Пьянков был действительным членом Французской академии наук, получил за свои исследования серебряную медаль. Но, несмотря на столь лестное признание, он, по словам Дома, оставался простым и бескорыстным человеком. «Он был скромен и не выносил, когда о нем говорили, и поэтому, быть может, многие прошли мимо него, не оценив», – писал французский ученый.

Игорь Александрович Моисеев оценил Пьянкова – и рассказал мне о нем. Ну а я посчитал своим долгом по возможности дополнить этот рассказ и представить его читателям, ибо Александр Николаевич Пьянков остался в памяти своих коллег русским ученым, и было бы несправедливо и непростительно, если бы о нем не узнали наконец соотечественники.

Как, впрочем, и о Владимире Михайловиче Викентьеве – русском профессоре египтологии Каирского университета. Генеральный секретарь Высшего совета древностей Египта профессор Габалла Али Габалла был учеником Викентьева, как и предшественник Габаллы на этом посту профессор Али Хасан. Причем оба очень хорошо отзывались о своем покойном учителе – и как о преподавателе, и как о человеке.

Но, судя по всему, Викентьев был человеком иного склада, чем Пьянков: несмотря на то что он опубликовал 47 научных работ, его с молодости больше тянуло к преподаванию, чем к исследованиям. По крайней мере такой вывод я сделал, когда внимательно ознакомился с докладом Ольги Томашевич о Викентьеве. Точнее даже, не с докладом, а с обширной и подробной статьей, основанной на отечественных архивных материалах. Из этой статьи я узнал следующее.

Владимир Михайлович Викентьев родился в Костроме б июля 1882 года. В отличие от Голенищева и Пьянкова, он увлекся египтологией довольно поздно, когда ему было уже за двадцать. До этого же с отличием окончил Московское коммерческое училище, короткое время был студентом Лесного института, потом Политехнического, а затем и Сельскохозяйственного. Прежде чем поступить на историко-филологический факультет Московского университета, Викентьев отправился за границу. В 1906–1907 годах он семь месяцев изучал древнеегипетские памятники Лувра и год – Британского музея. В 1910 году Владимир Михайлович вновь уехал за границу, на этот раз в Берлин, к знаменитому египтологу Эрману, у которого позже учился и Пьянков. И лишь в 1915 году, в возрасте 33 лет, окончил Московский университет.
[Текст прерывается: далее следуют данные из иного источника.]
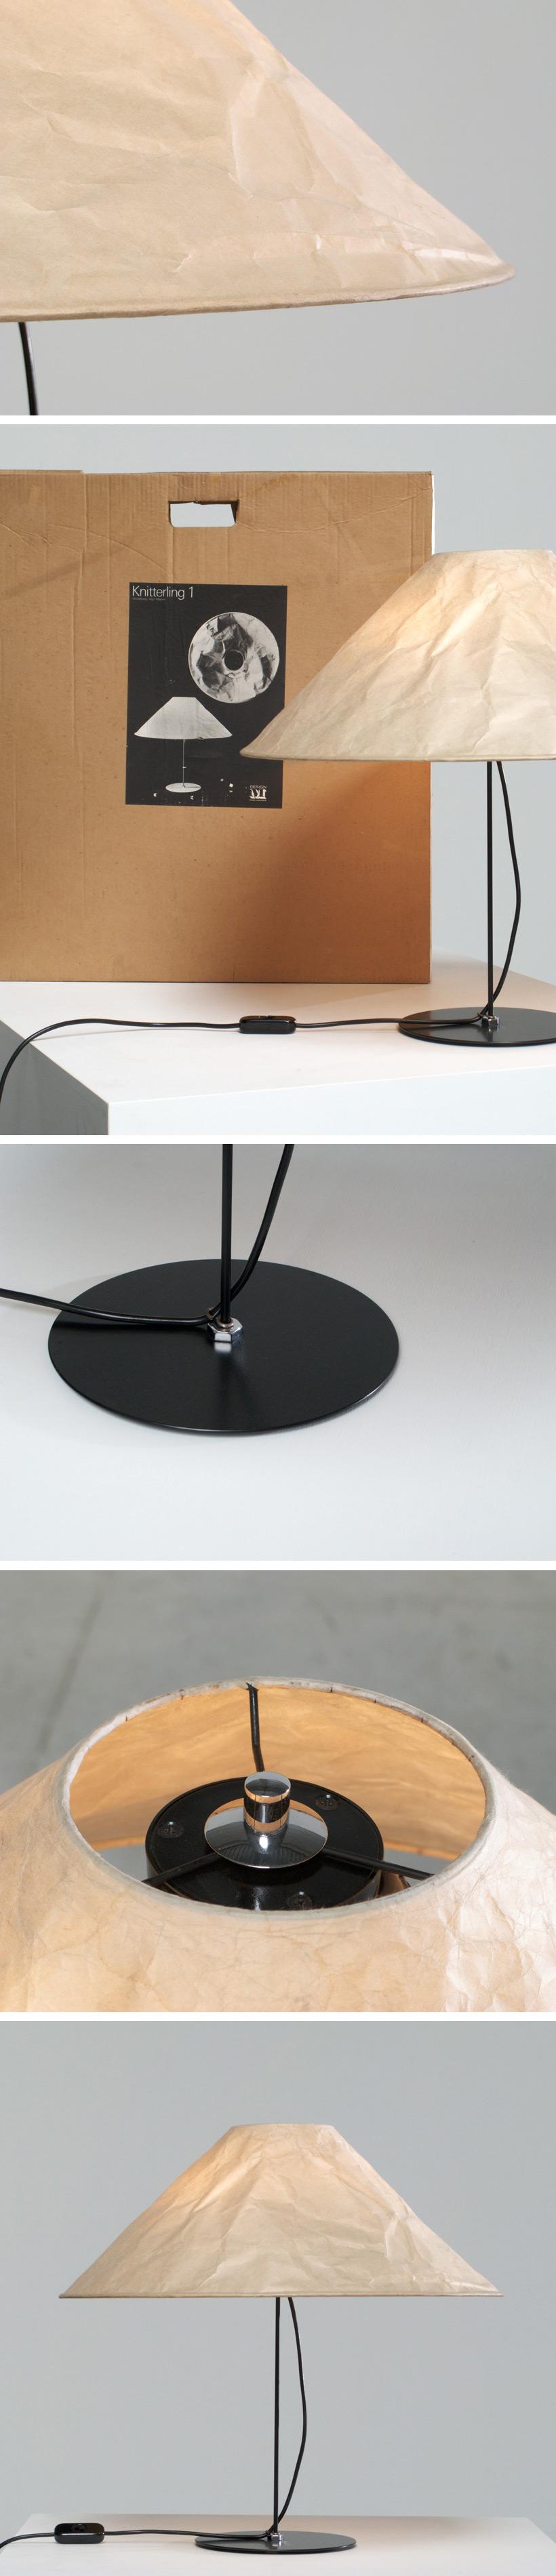 Ingo Maurer table lamp Knitterling Large

Работать Викентьев пошел помощником хранителя восточных коллекций Исторического музея – были в нем тогда такие коллекции. Параллельно занимался переводом древнеегипетских текстов, но еще больше – просвещением. Он был одним из основателей кружка по изучению древних культур. И когда! В июне 1917 года! Через год кружок был преобразован в общество. И в том же 1918 году по инициативе Викентьева на базе Исторического музея в Москве был создан Музей-институт классического Востока. «Русскому самосознанию ближе Восток, чем Запад, и по существу, и исторически, – писал Владимир Михайлович в направленной им в Наркомпрос объяснительной записке к проекту создания музея-института. – Но до сих пор Восток воспринимается нами почти исключительно сквозь призму чувства и в виде мусульманского средневековья. Восходя несколькими своими истоками через Византию и Библию к древнейшим цивилизациям Сенаара и Нила, мы тем не менее способны все еще с удивлением вопрошать: «Что нам Египет?» и «Что нам Вавилон?»
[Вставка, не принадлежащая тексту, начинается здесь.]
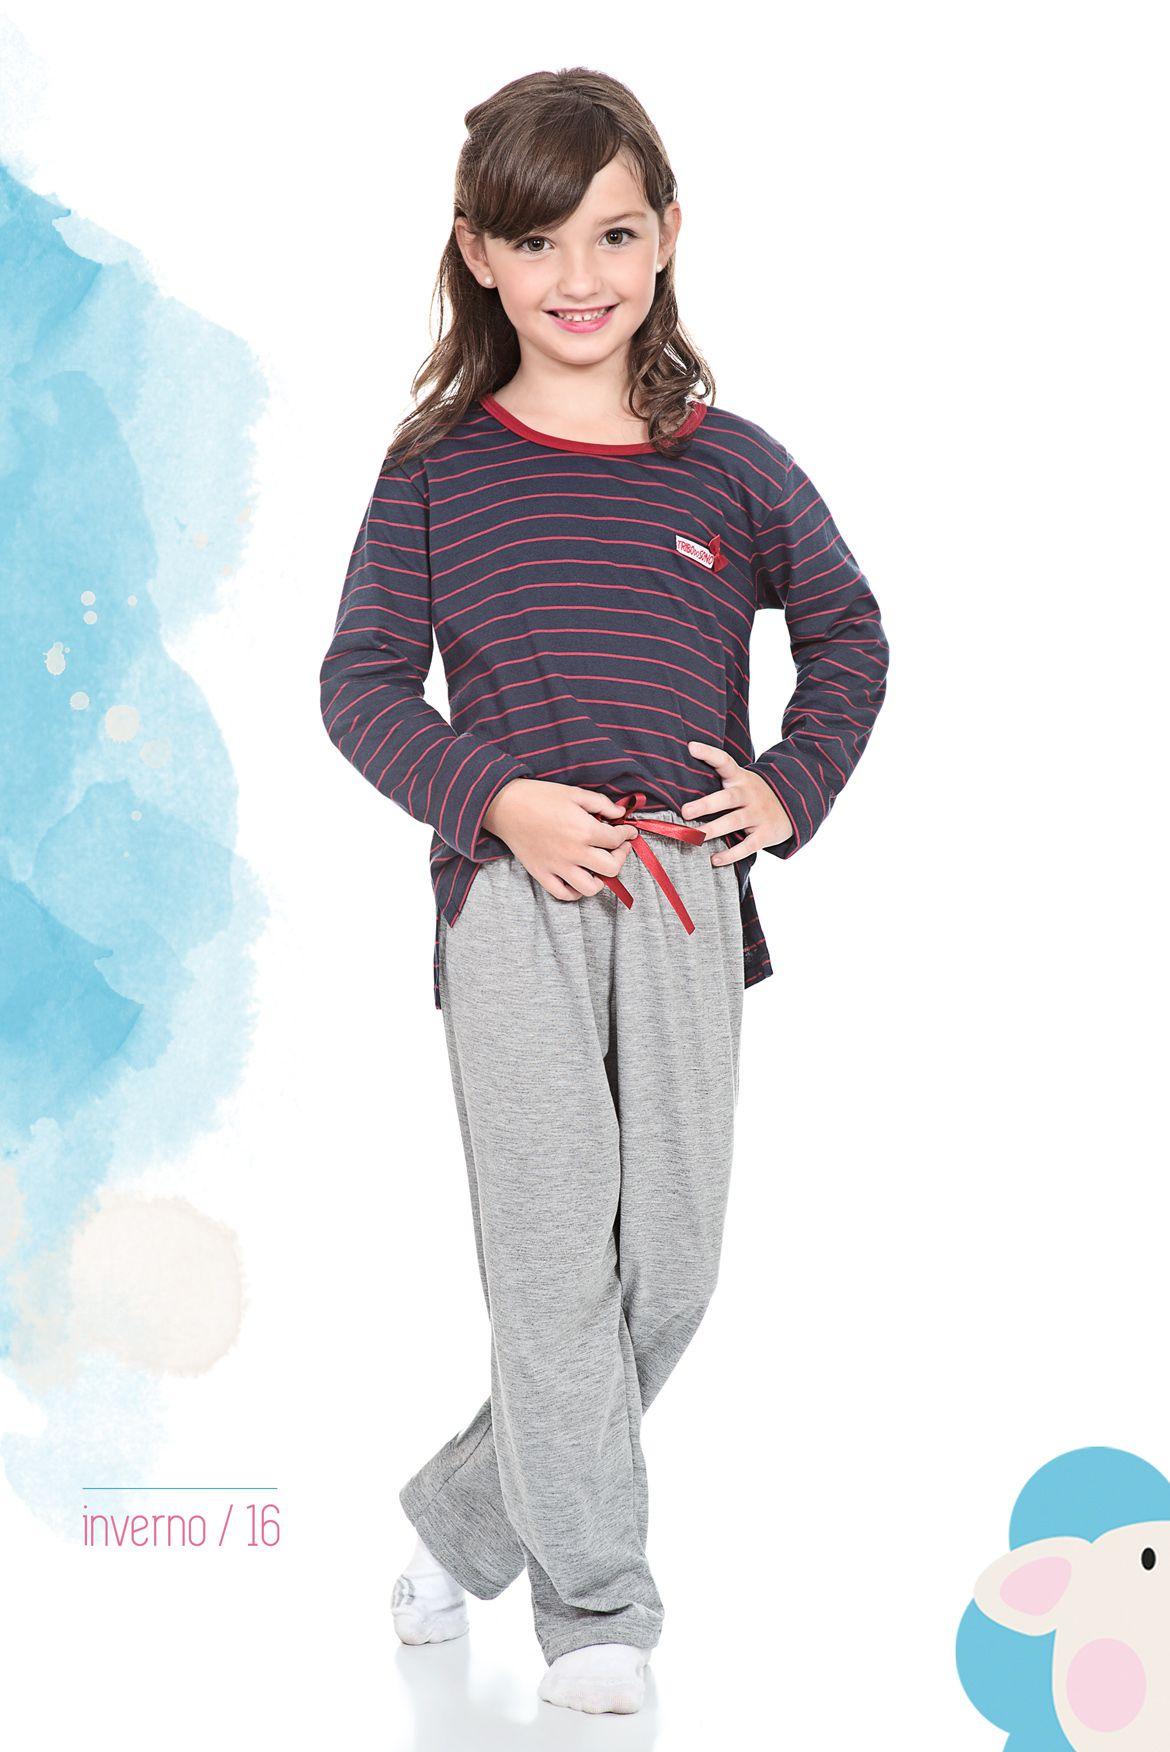 Pijama inverno, infantil, feminino, sleepwear.

Нелепость подобной ситуации была для Викентьева очевидна, и он хотел исправить ее. Кроме того, в России было несколько крупных историков-востоковедов, но не было единой востоковедческой школы. Проект Владимира Михайловича призван был исправить и это упущение. И, представьте себе, в разгар Гражданской войны он был принят! Правда, штат у музея-института был скромный – всего пять человек, включая самого Викентьева, но в конце 1918 года новое учреждение было создано и вскоре начало работать. Там читались лекции, преподавались древние языки. Пополнялась коллекция музея-института, превысившая вскоре четыре тысячи единиц хранения, комплектовалась библиотека. Велась и научная работа. Так, известный художник и искусствовед Игорь Грабарь провел экспертизу расписных деревянных саркофагов. Примечательно, что в технике древнеегипетской живописи Грабарь нашел сходство с древнерусской.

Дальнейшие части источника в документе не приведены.